Friday, April 18, 2008 12:07PM Report Comment
 

4. inbreda said...

“No one should think that we're going back to the Halcyon days of 12 months ago, when credit was cheap. The mortgage market will still be more difficult to access.”

"Banks said that further restraints could be applied to consumer lending, such as the sale of mortgages with rates substantially above their standard variable rate or adding fees ..."

So basically, even with massive intervention by the glubberment, spending our tax pennies, house prices are still fugged, but we're also going to lose the purchasing power of what money we have been able to save.

So the only winners are the banks (that caused the problem in the first place). the government achieves nothing else. Is this the dictionary definition of incompetence?

Friday, April 18, 2008 12:14PM Report Comment
 

5. techieman said...

Im none too sure about this. If the banks are allowed to borrow Gilts v. MBS - then what will be the valuation, how will taxpayers be insulated against losses and how much will the Govn have to pump in? What Gilts - a special issue, that are only tradeable by Banks or something else? NR had added £100million to the Balance Sheet? eh? It all sounds like a non starter to me, i mean GB wants the banks to lend. Also if this were the answer then why would RBS bother with a rights issue? "there are more questions than answers" - lets see the detail next week.....

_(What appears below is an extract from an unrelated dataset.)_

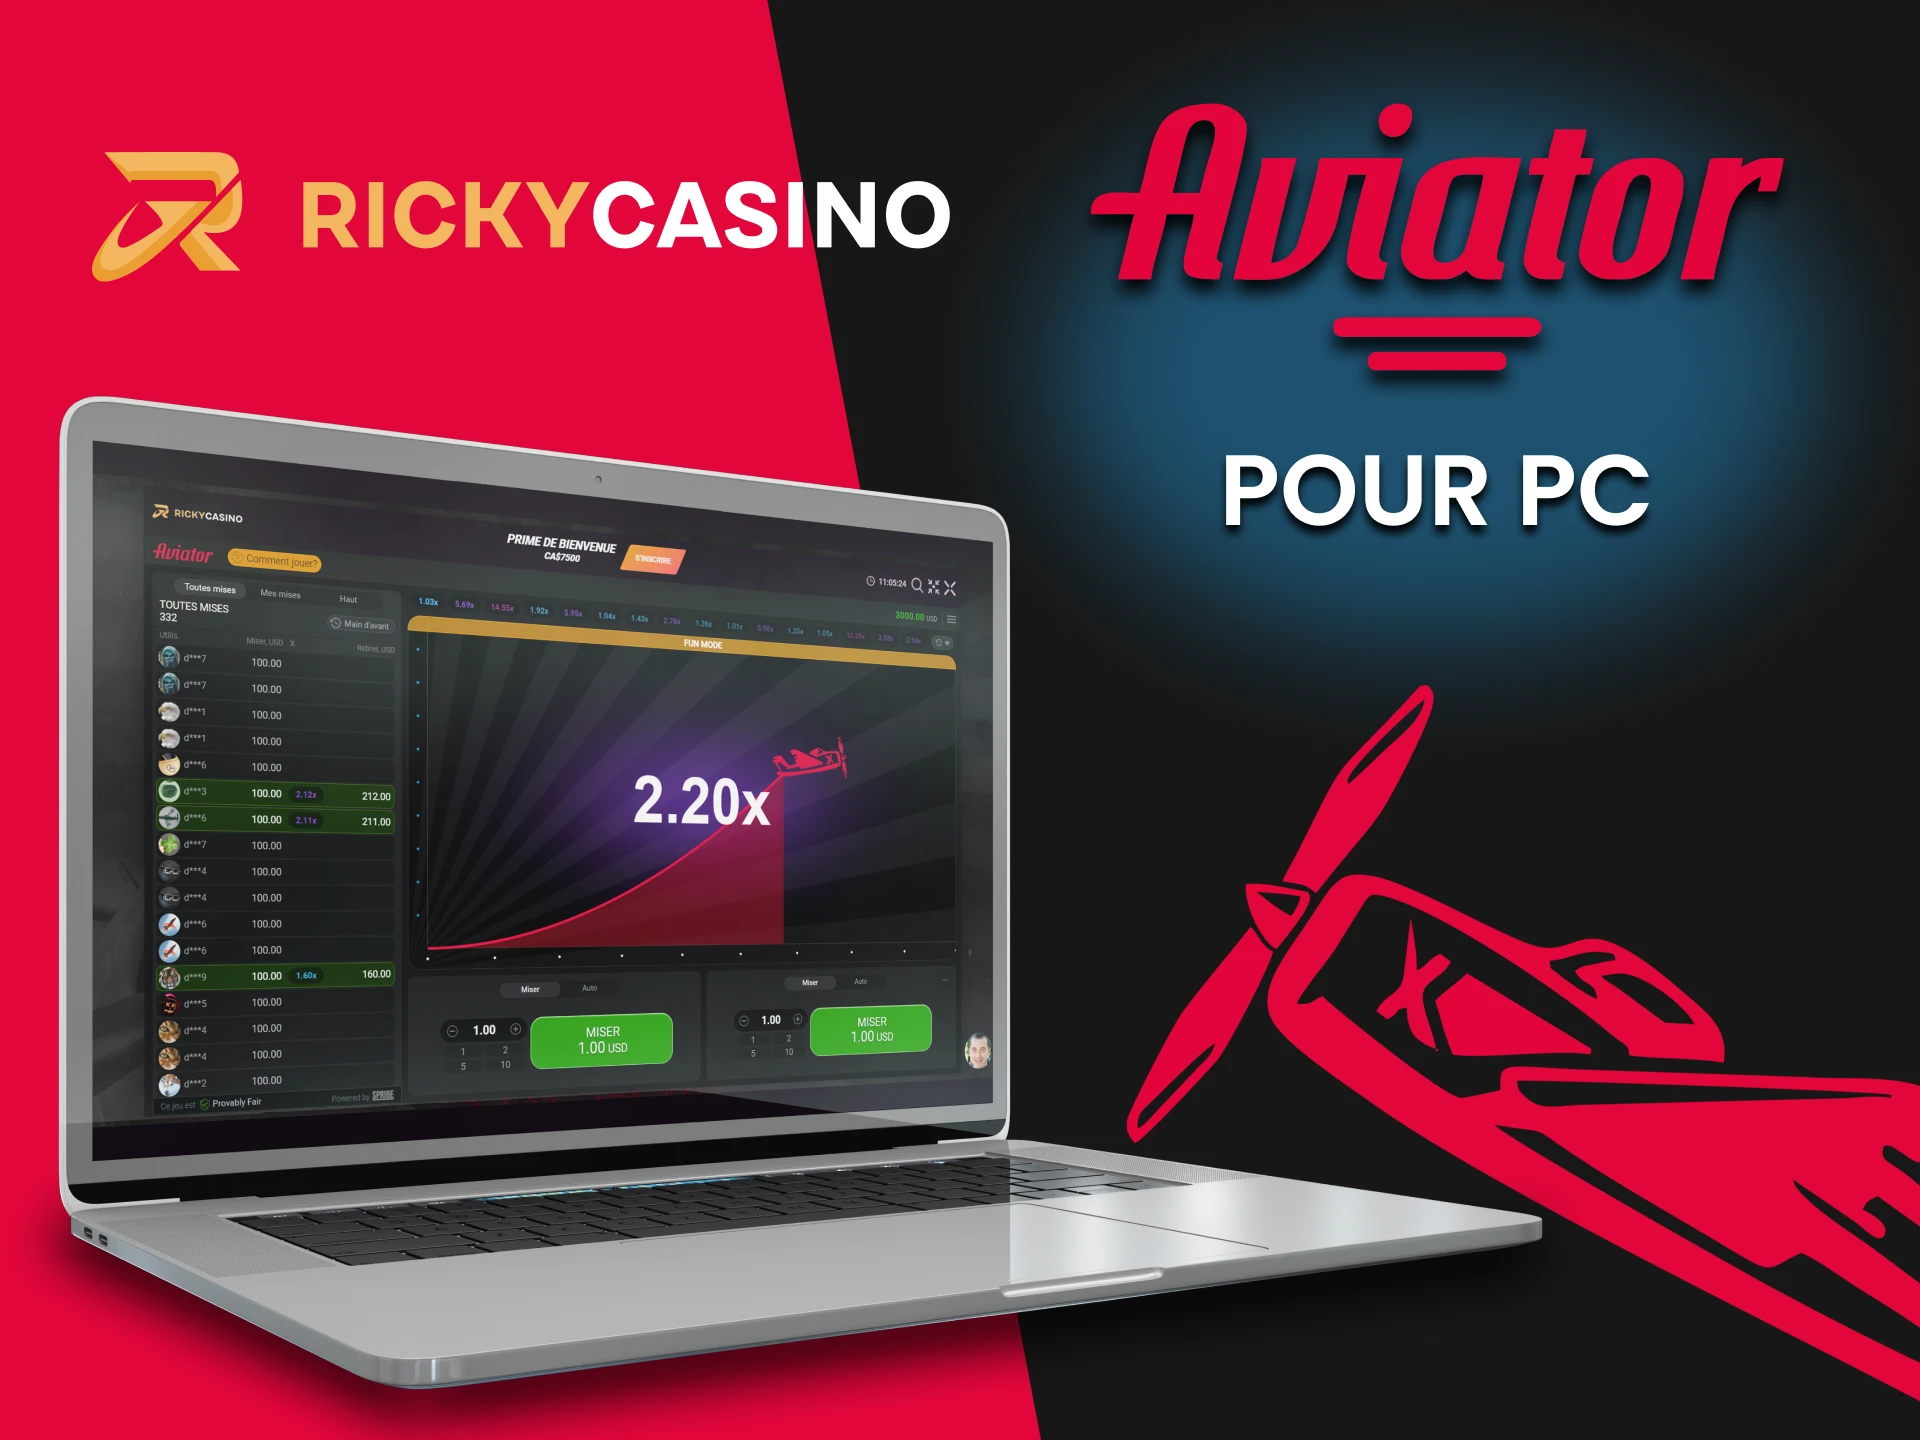 Essayez le jeu Aviator dans la version PC de Ricky Casino.

Friday, April 18, 2008 01:07PM Report Comment
 

6. tyrellcorporation said...

The main focus of GB right now is to alleviate the lending log-jam using tax-payers money. But he'll do it in a way that pushes the problem into the future (as with PFIs and the groaning public sector pension burden). It is ALL about putting off the day-of-reckoning and looking good today.

Friday, April 18, 2008 01:17PM Report Comment
 

7. uncle tom said...

tyrell is right, GB wants something that will save his neck today - and to hell with tomorrow.

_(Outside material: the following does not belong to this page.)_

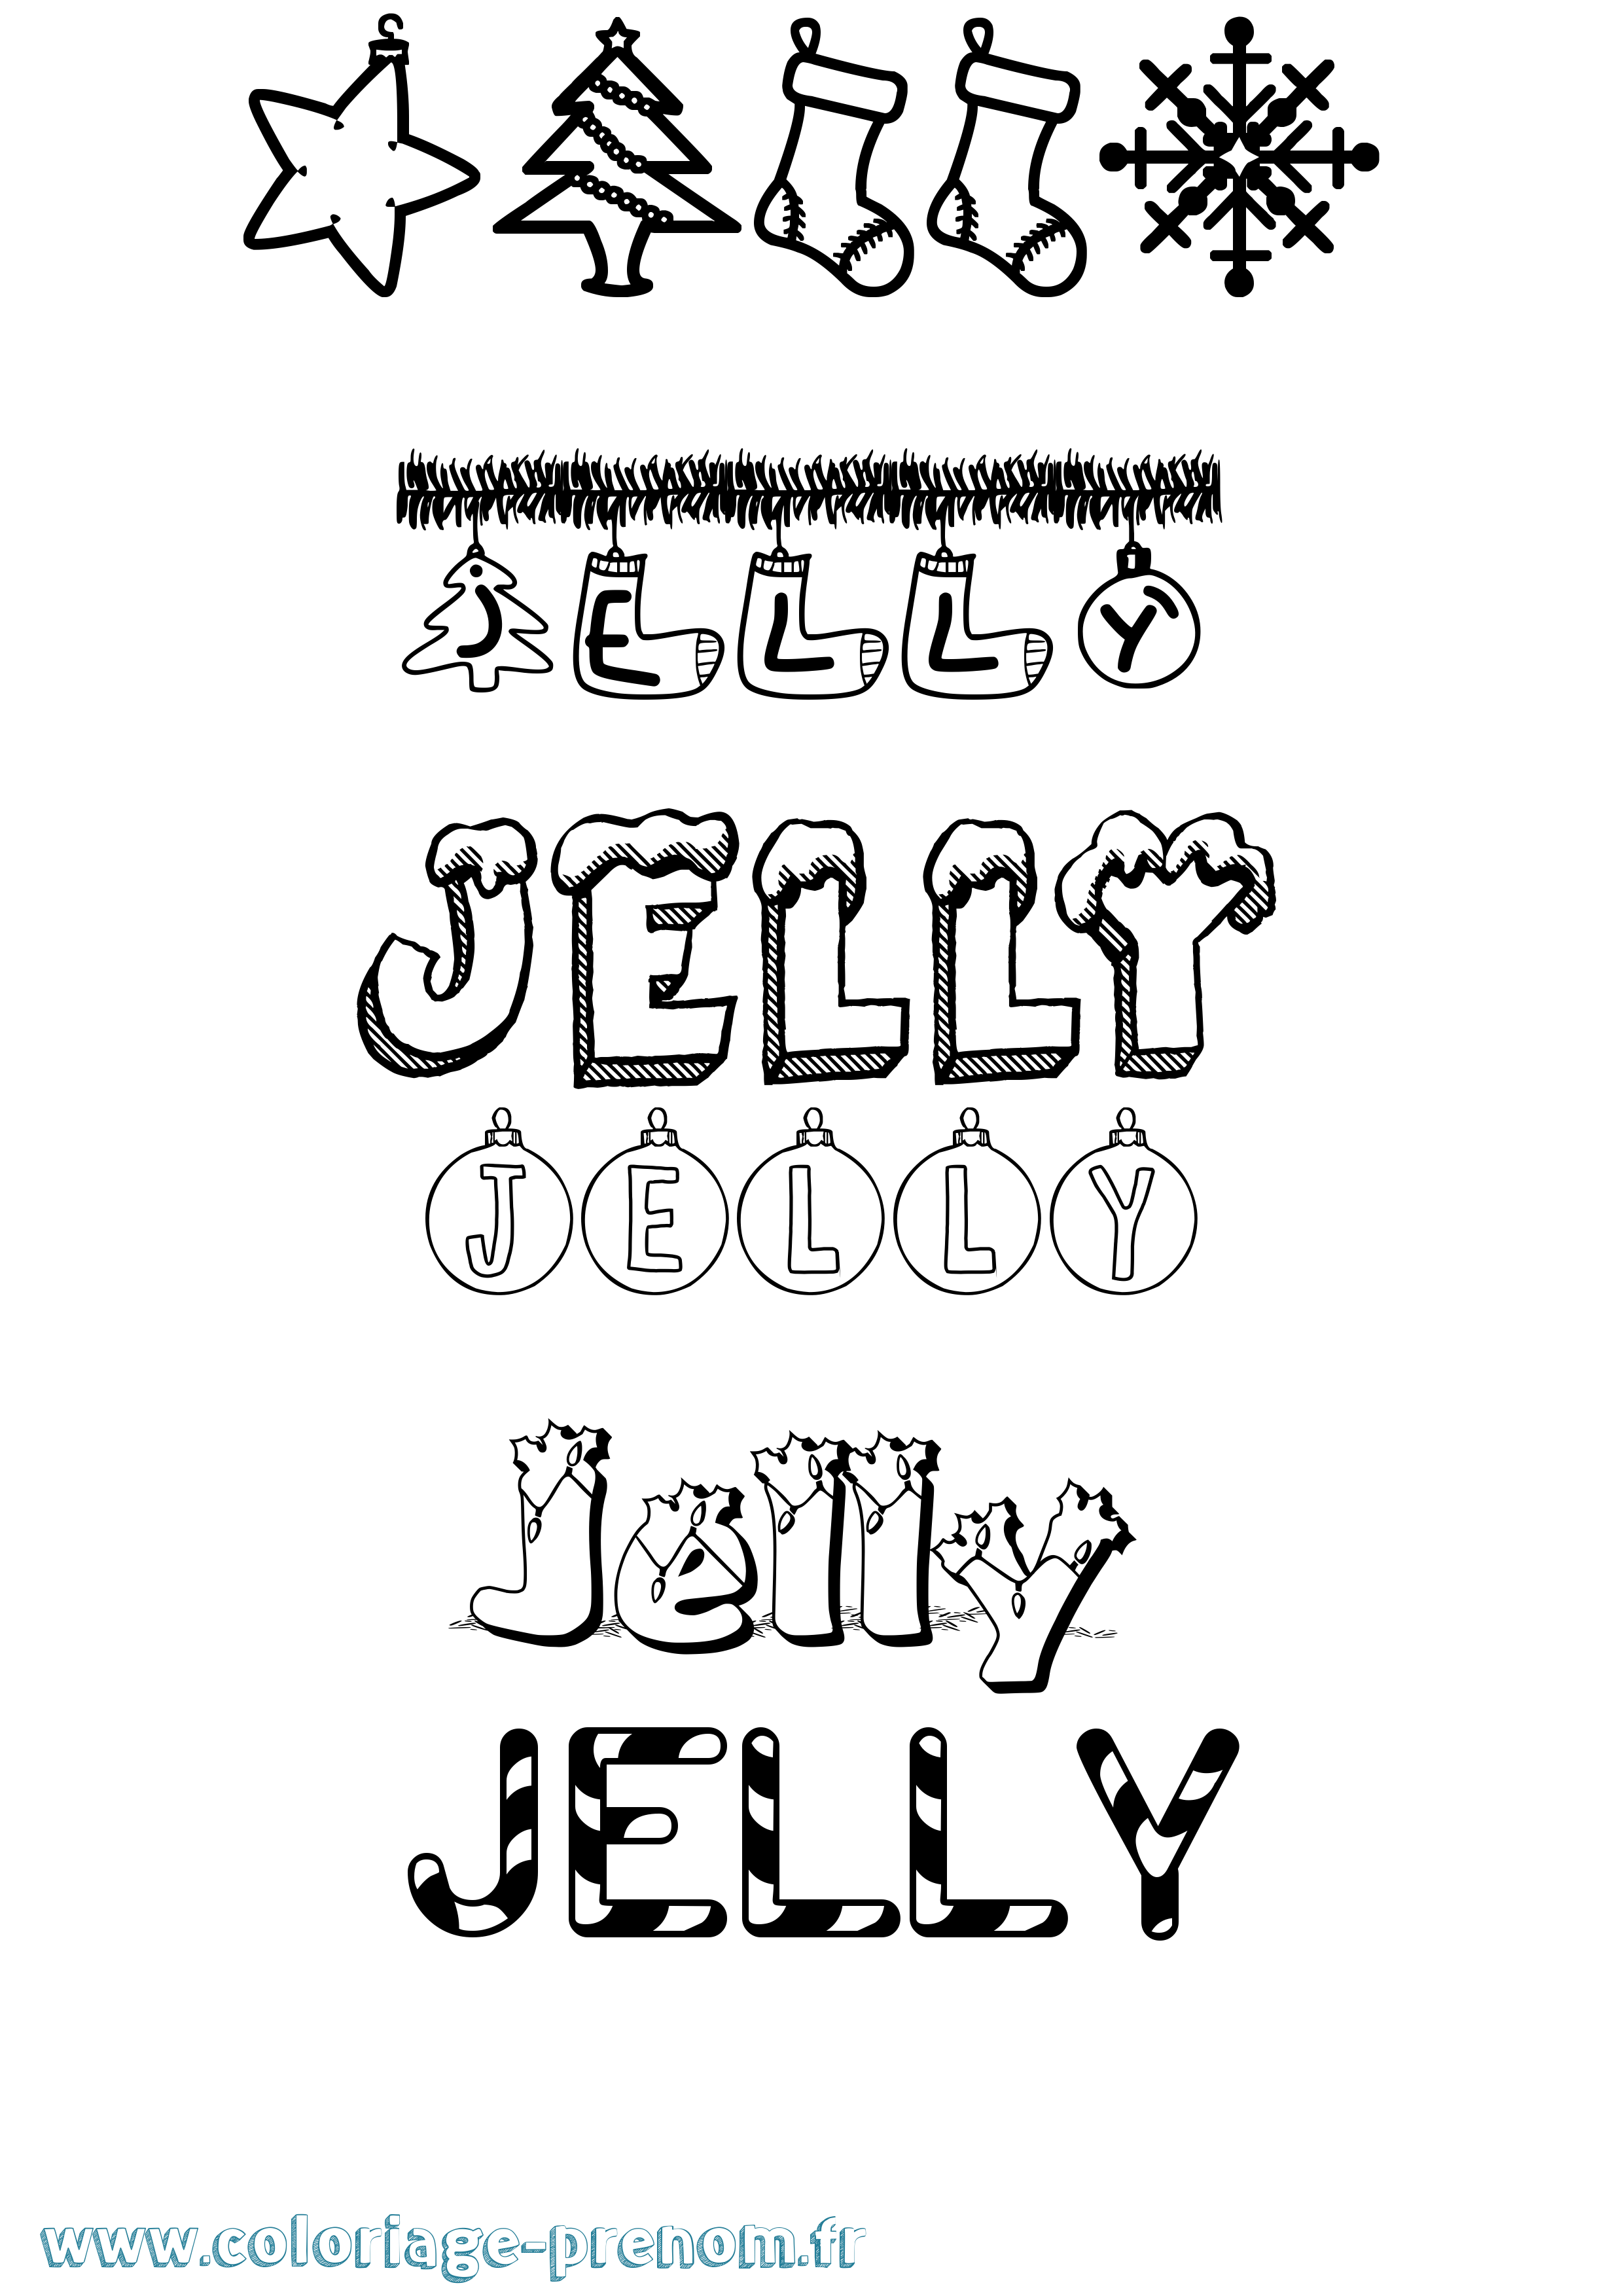 Coloriage prénom Jelly Noël

In particular, he wants to pull something out of the hat just before the local elections that will make it appear that he's fixed the whole problem. He probably knows that anything he attempts will not pass detailed scrutiny, so expect a dramatic announcement - but lite on detail - on about April 30th...

Friday, April 18, 2008 01:41PM Report Comment
 

8. sold 2 rent 1 said...

tyrellcorporation,

"It is ALL about putting off the day-of-reckoning and looking good today."

Very good point.
The problem is "tomorrow" used to be decades away; then it became years away.
Are we now only months away?
The house of cards is close to collapsing.

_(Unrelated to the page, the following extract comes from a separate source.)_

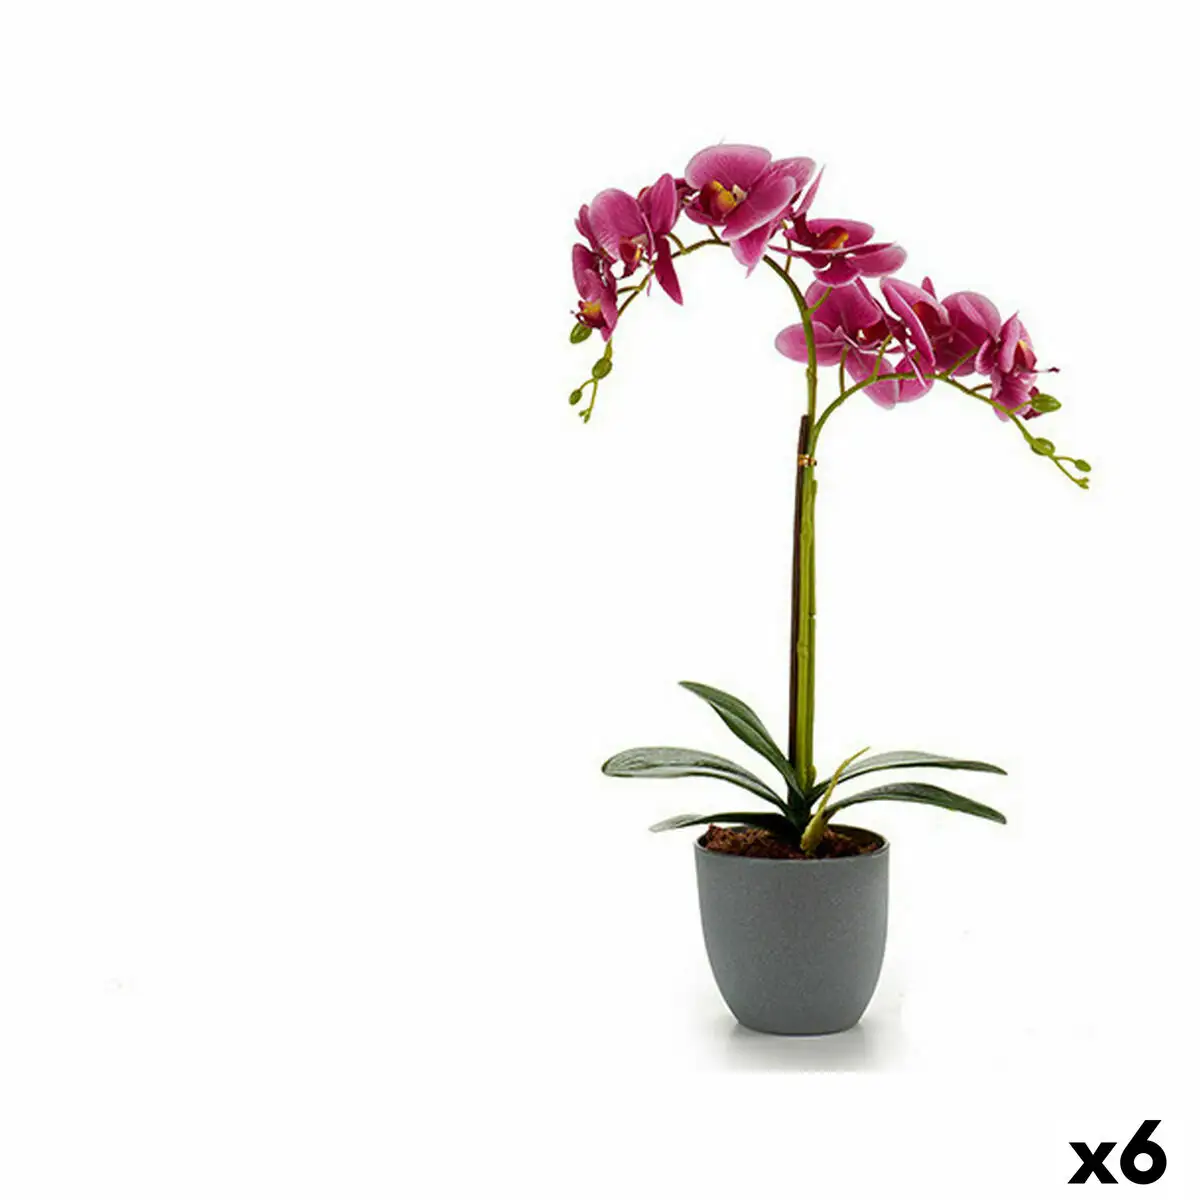 Plante decorative orchidee plastique 20 x 47 5 x 24 cm 6 unites _7130. DIAYTAR SENEGAL - Où Votre Shopping Prend Vie. Explorez notre boutique en ligne pour trouver des articles qui vous ressemblent et qui ajoutent de l'éclat à votre quotidien.

Friday, April 18, 2008 01:50PM Report Comment
 

9. tyrellcorporation said...

S2R what's your take on the biggish fall in Gold today? (Currently $913 t/oz, $40 drop since yesterday). I would have thought with the current equities rally would point to higher inflation as Central Banks will surely over-do the liquidity injections creating the talked about inflation spike which is headed our way.

Friday, April 18, 2008 02:39PM Report Comment
 

10. sold 2 rent 1 said...

"S2R what's your take on the biggish fall in Gold today?"

As long as the price range is 880-950 then it is Elliott wave 4 consolidation.
IMHO we are looking at Elliott 5 wave starting end of April or beginning of May.

Any price of 900ish should be seen as a buying oppotunity.
1500+ by late June/early July.

Friday, April 18, 2008 05:09PM Report Comment
 

11. alan said...

We need growth, we need industries, we need a country where ideas get rewarded, we need some good role models as "captains of industry".

We need sound leadership and integrity...did you hear that Captain Darling?